SePaint: Semantic Map Inpainting via Multinomial Diffusion
This work addresses the need for improved environmental prediction in robotics, though it appears incremental as it builds on existing diffusion methods with a new conditioning approach.
The paper tackles the problem of predicting missing regions in semantic Bird's-Eye-View maps for robot navigation by proposing SePaint, a model based on generative multinomial diffusion with a novel conditioning strategy, achieving better completion performance than interpolation methods in experiments.

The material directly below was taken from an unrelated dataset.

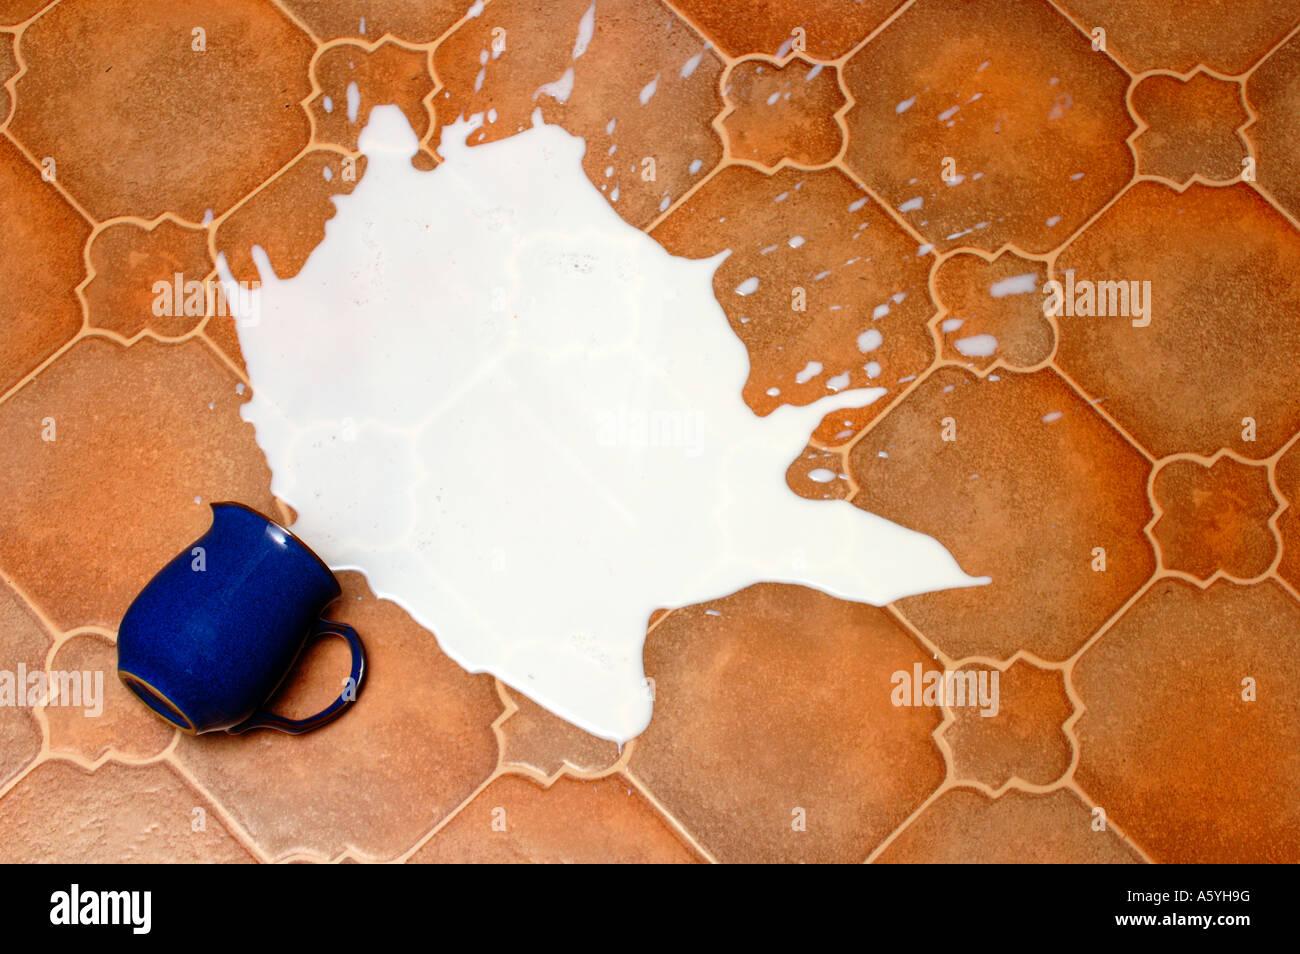 Spill Milk Accident Stock Photos & Spill Milk Accident

Prediction beyond partial observations is crucial for robots to navigate in unknown environments because it can provide extra information regarding the surroundings beyond the current sensing range or resolution. In this work, we consider the inpainting of semantic Bird's-Eye-View maps. We propose SePaint, an inpainting model for semantic data based on generative multinomial diffusion. To maintain semantic consistency, we need to condition the prediction for the missing regions on the known regions. We propose a novel and efficient condition strategy, Look-Back Condition (LB-Con), which performs one-step look-back operations during the reverse diffusion process. By doing so, we are able to strengthen the harmonization between unknown and known parts, leading to better completion performance. We have conducted extensive experiments on different datasets, showing our proposed model outperforms commonly used interpolation methods in various robotic applications.